Excerpted data |
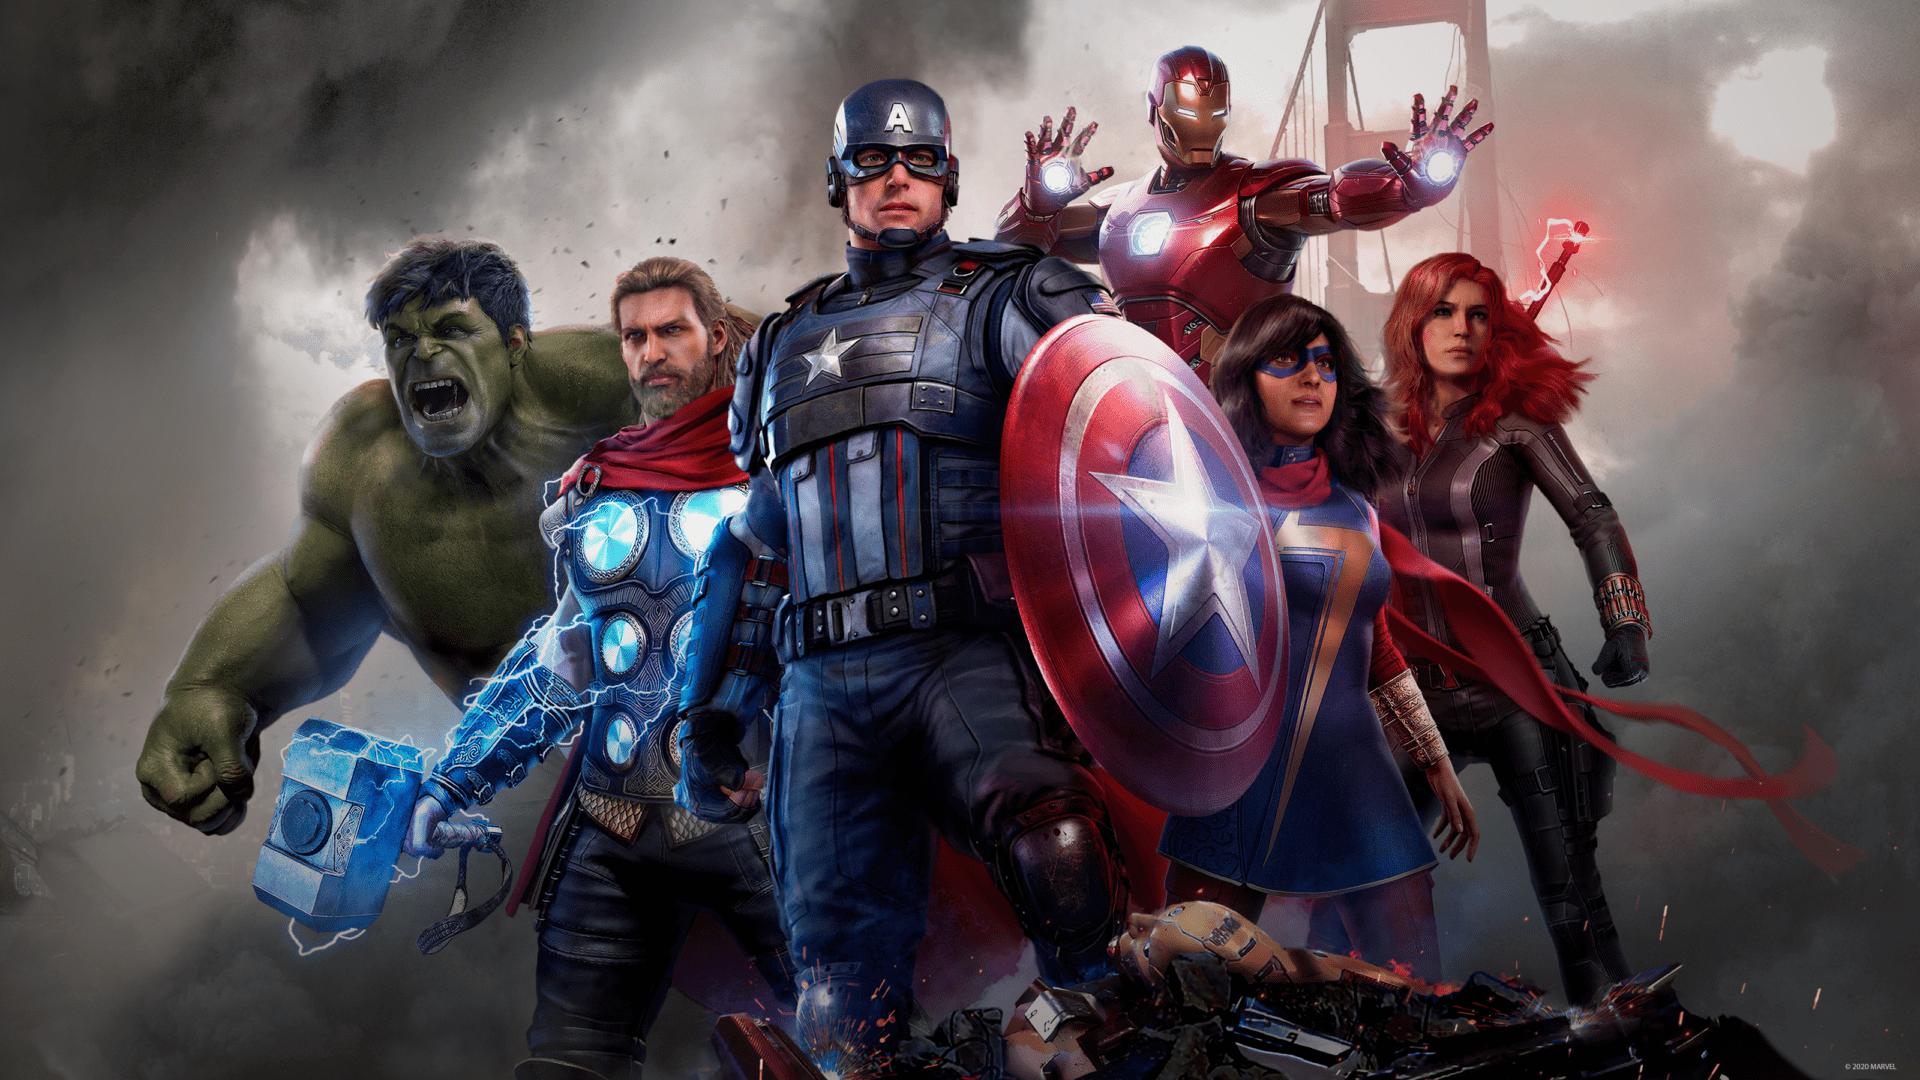 marvel's avengers, photo mode
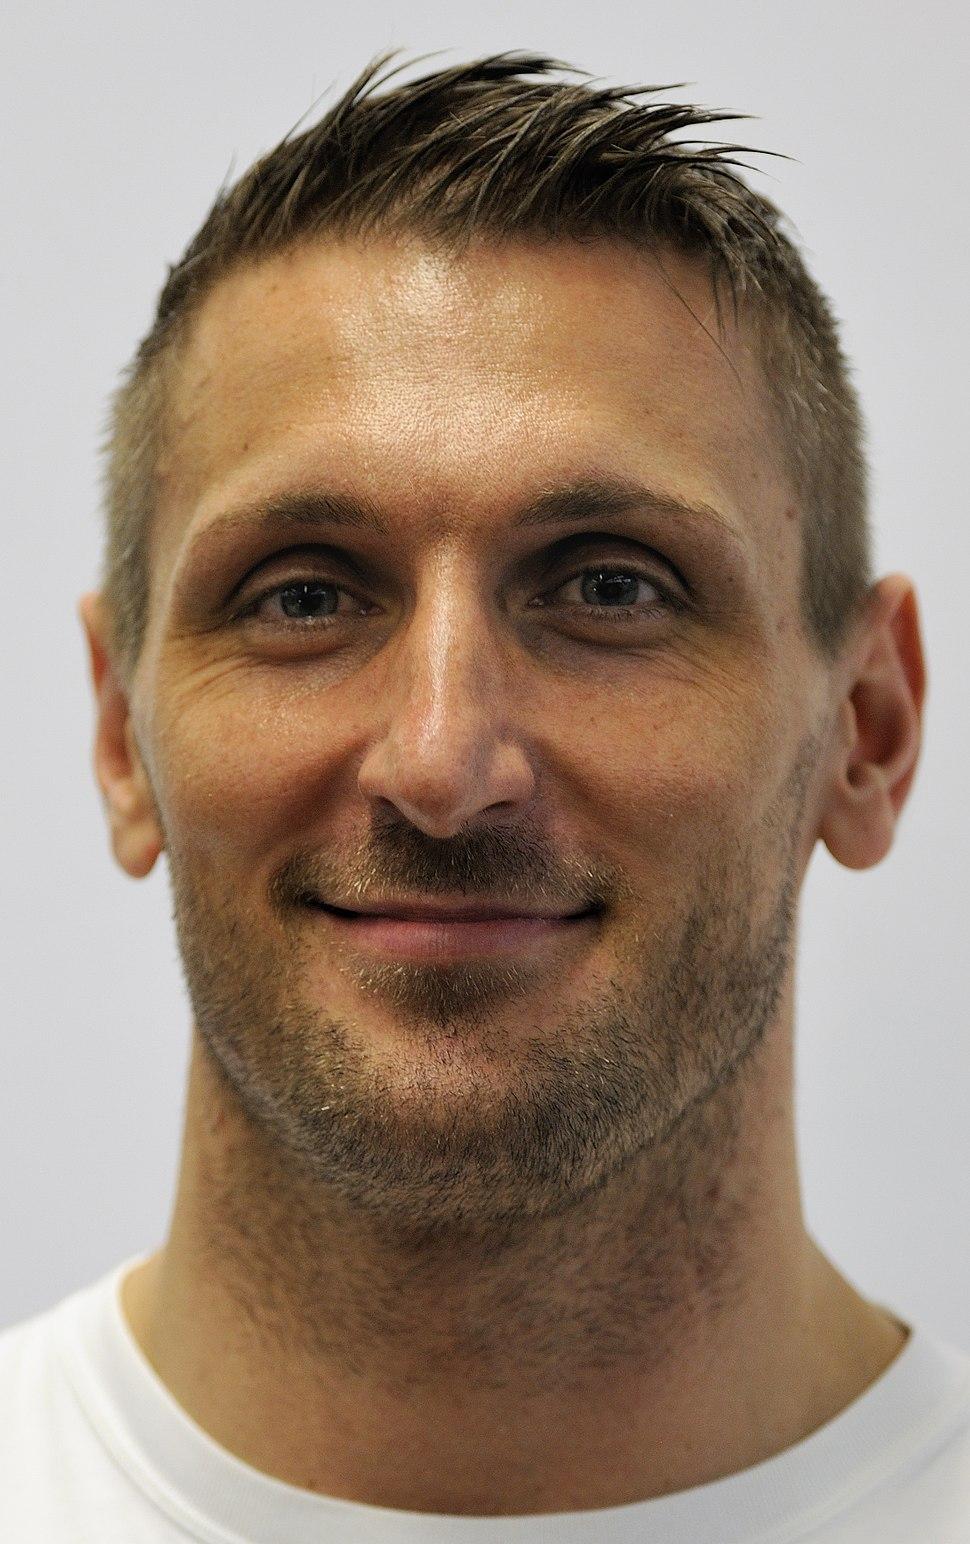 Kevin Kuske bei der Olympia-Einkleidung Erding 2014 (Martin Rulsch) 02
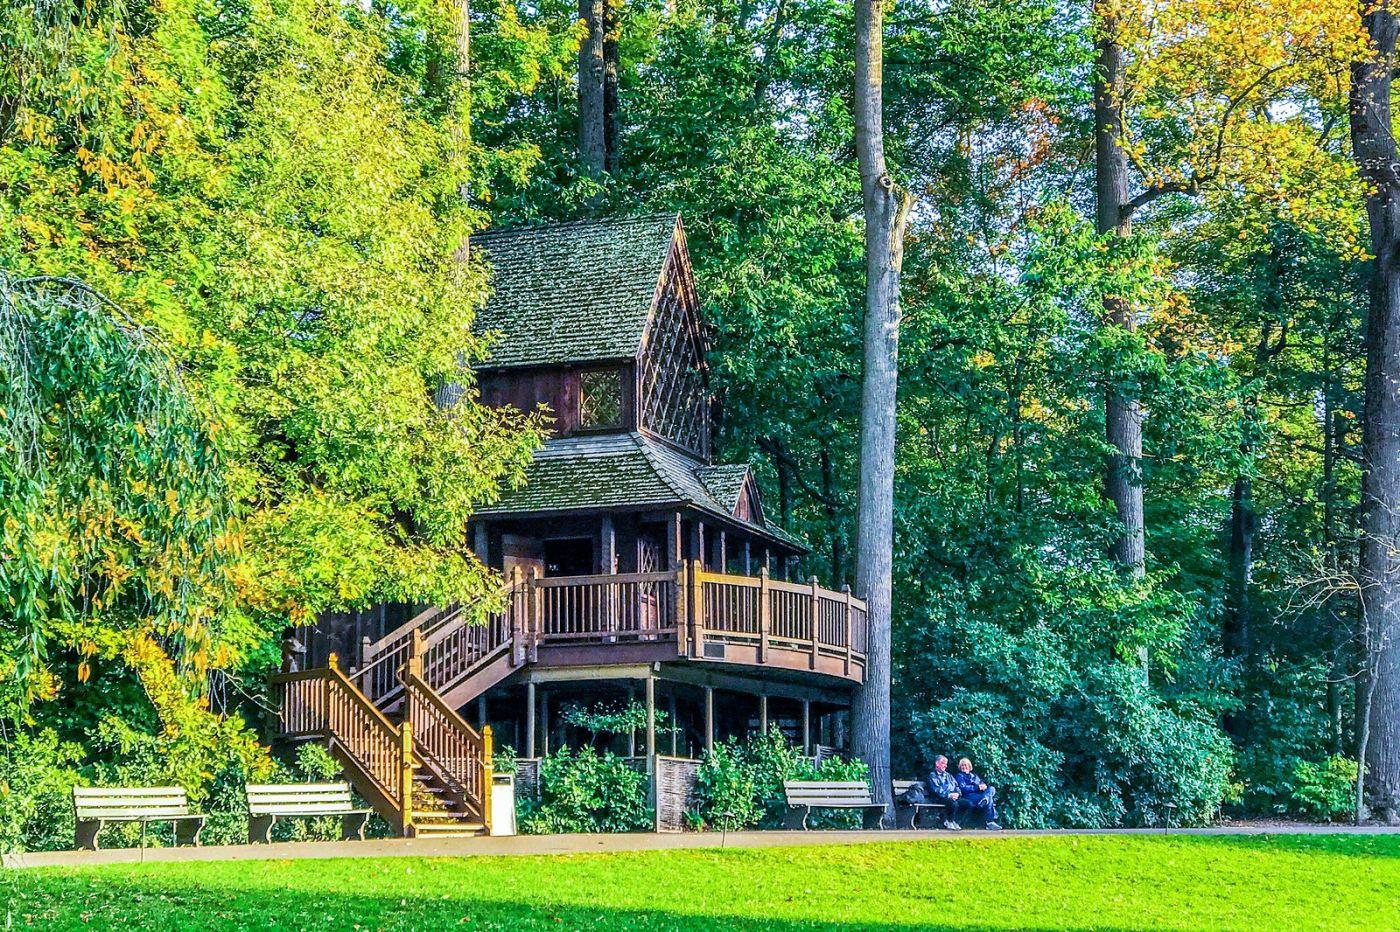 宾州长木公园,熟悉的景色_图1-2
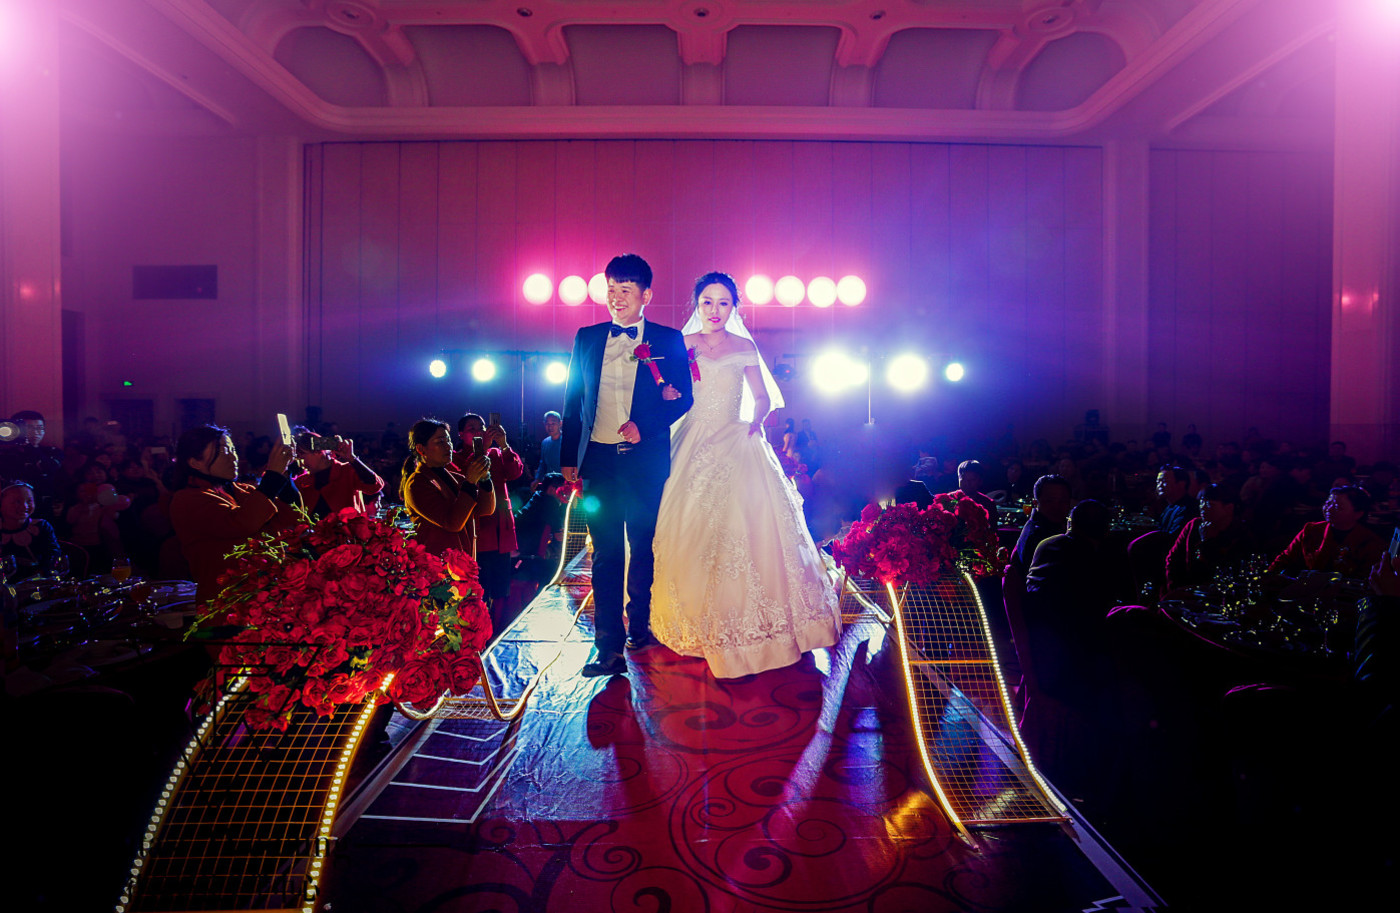 「Fantasy Wedding」&G R 白金汉爵25
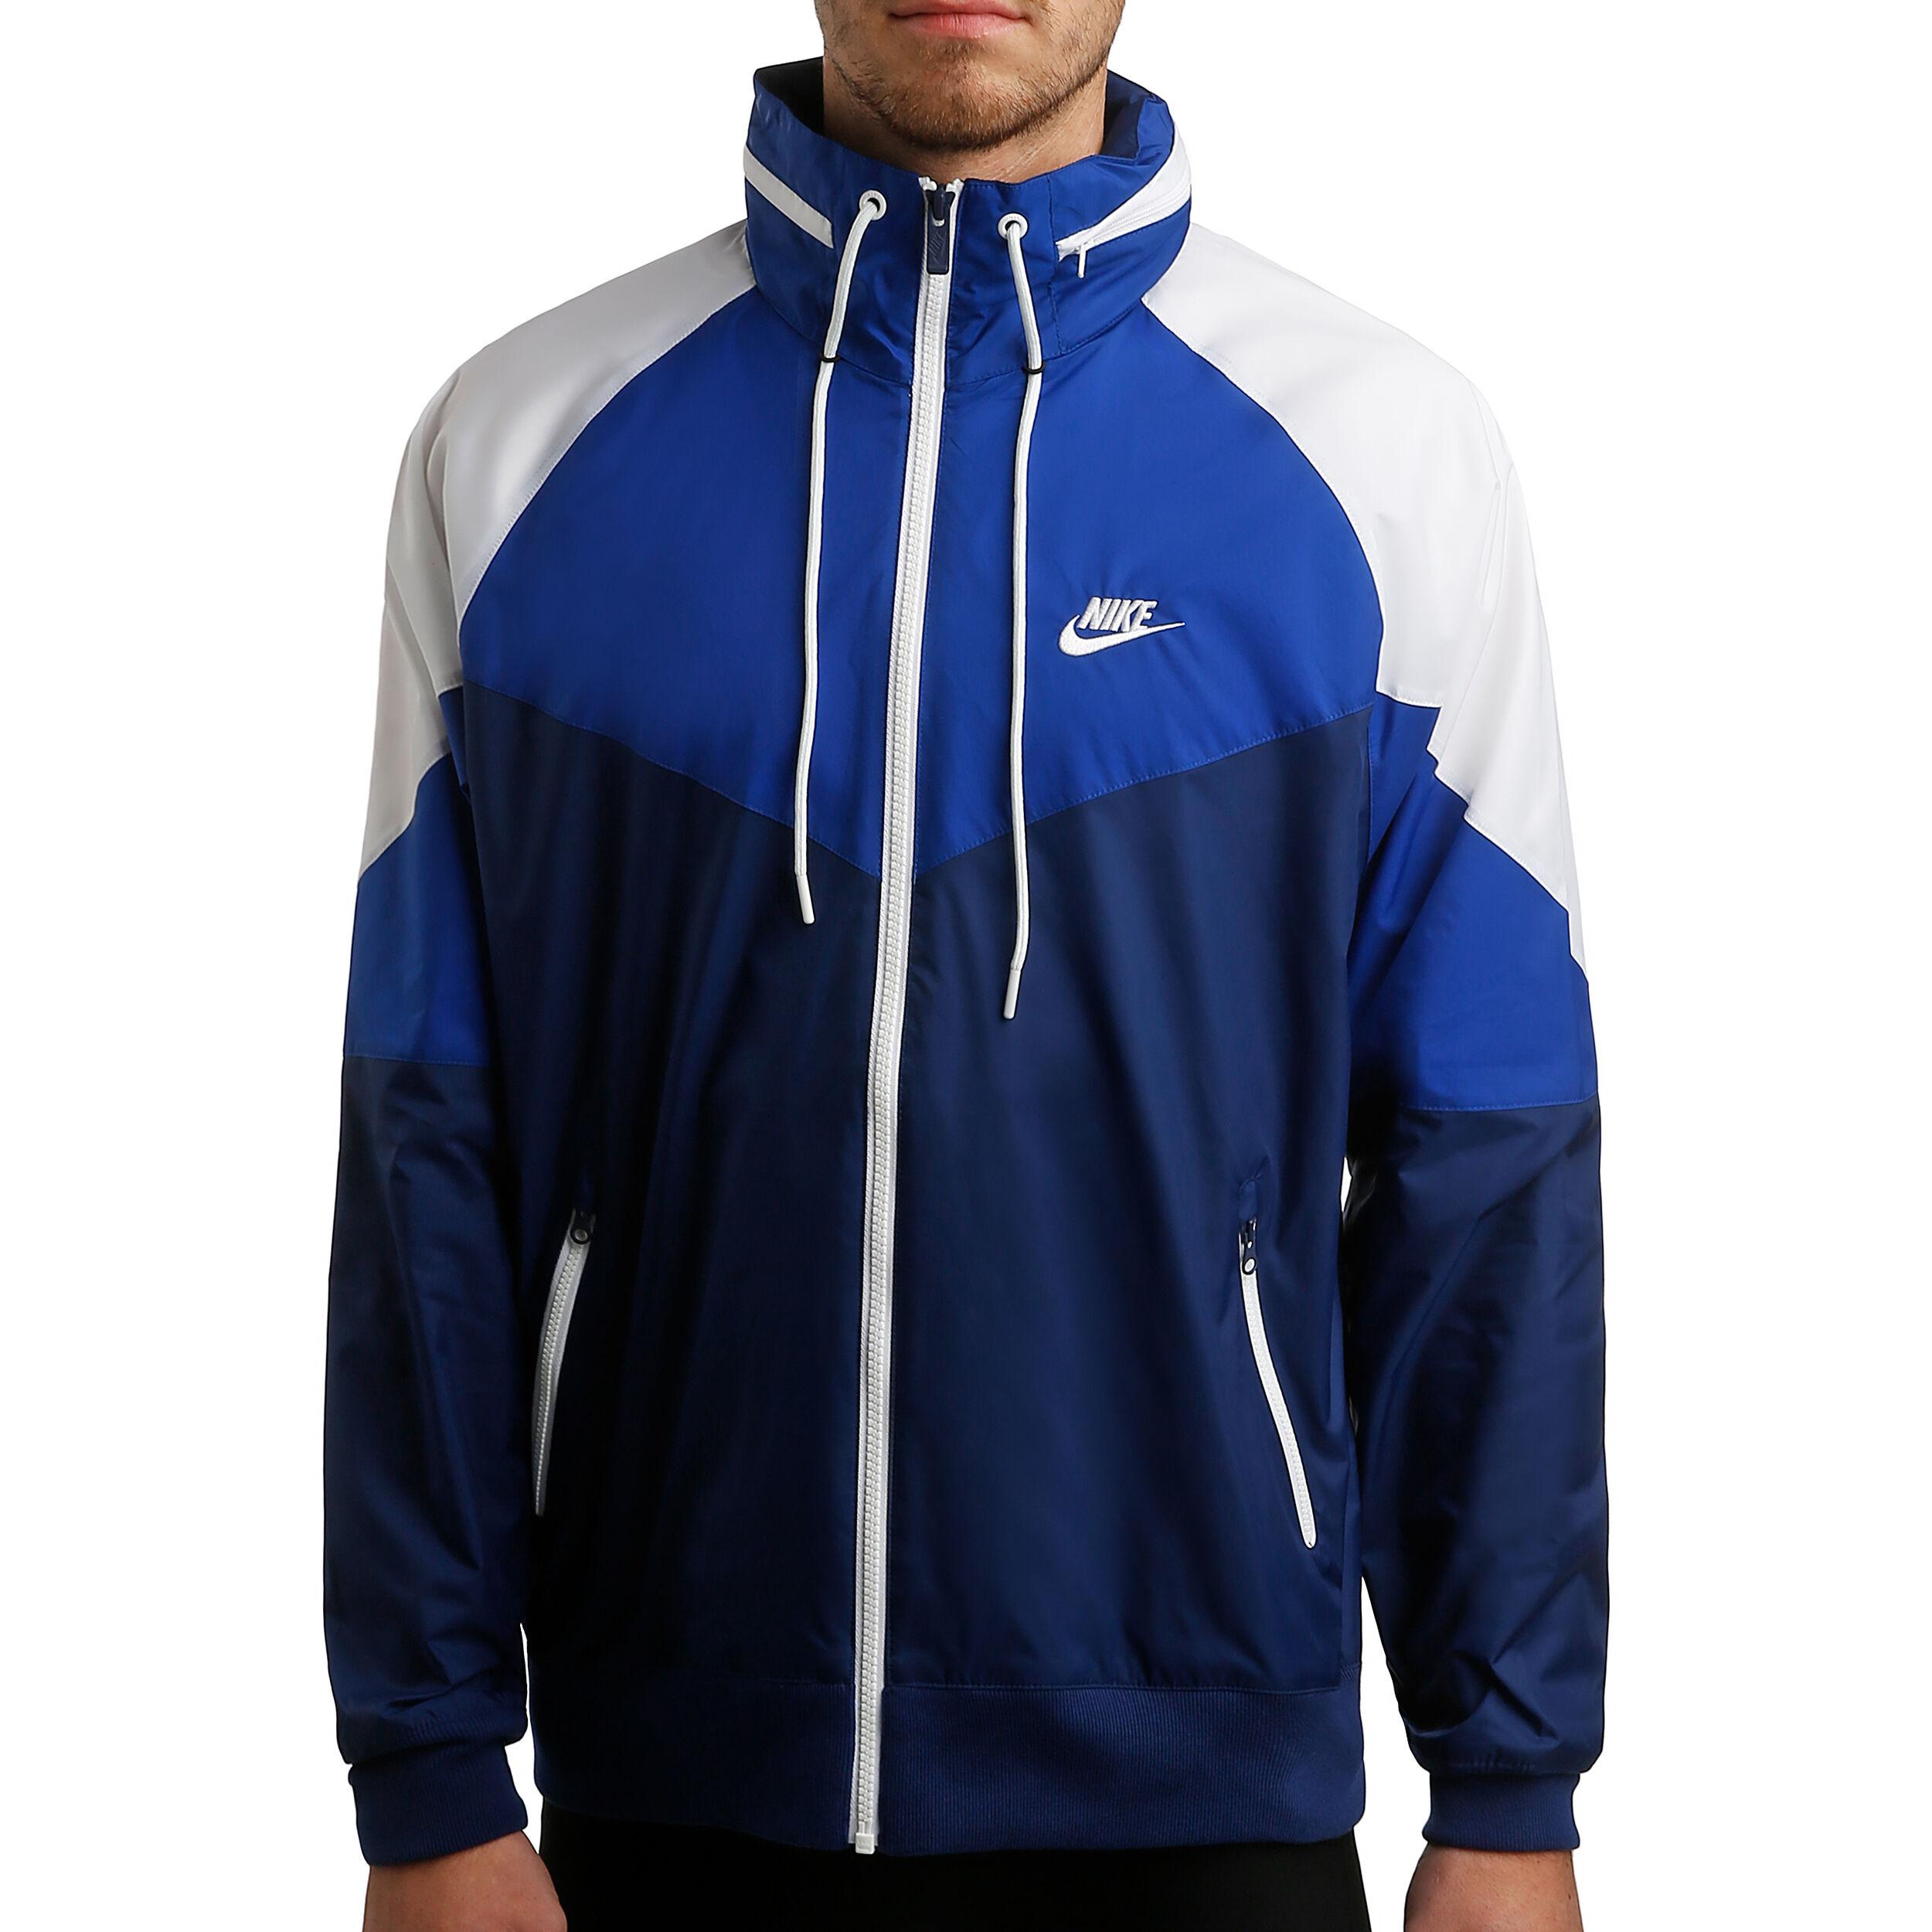 Nike Sportswear Winter Jacke 2017

What this task involves |
What is needed is an exact restatement of every line from the one containing "Kevin Kuske bei" through the last line of the records, pictures left out.

Expected answer |
 Kevin Kuske bei der Olympia-Einkleidung Erding 2014 (Martin Rulsch) 02
 宾州长木公园,熟悉的景色_图1-2
 「Fantasy Wedding」&G R 白金汉爵25
 Nike Sportswear Winter Jacke 2017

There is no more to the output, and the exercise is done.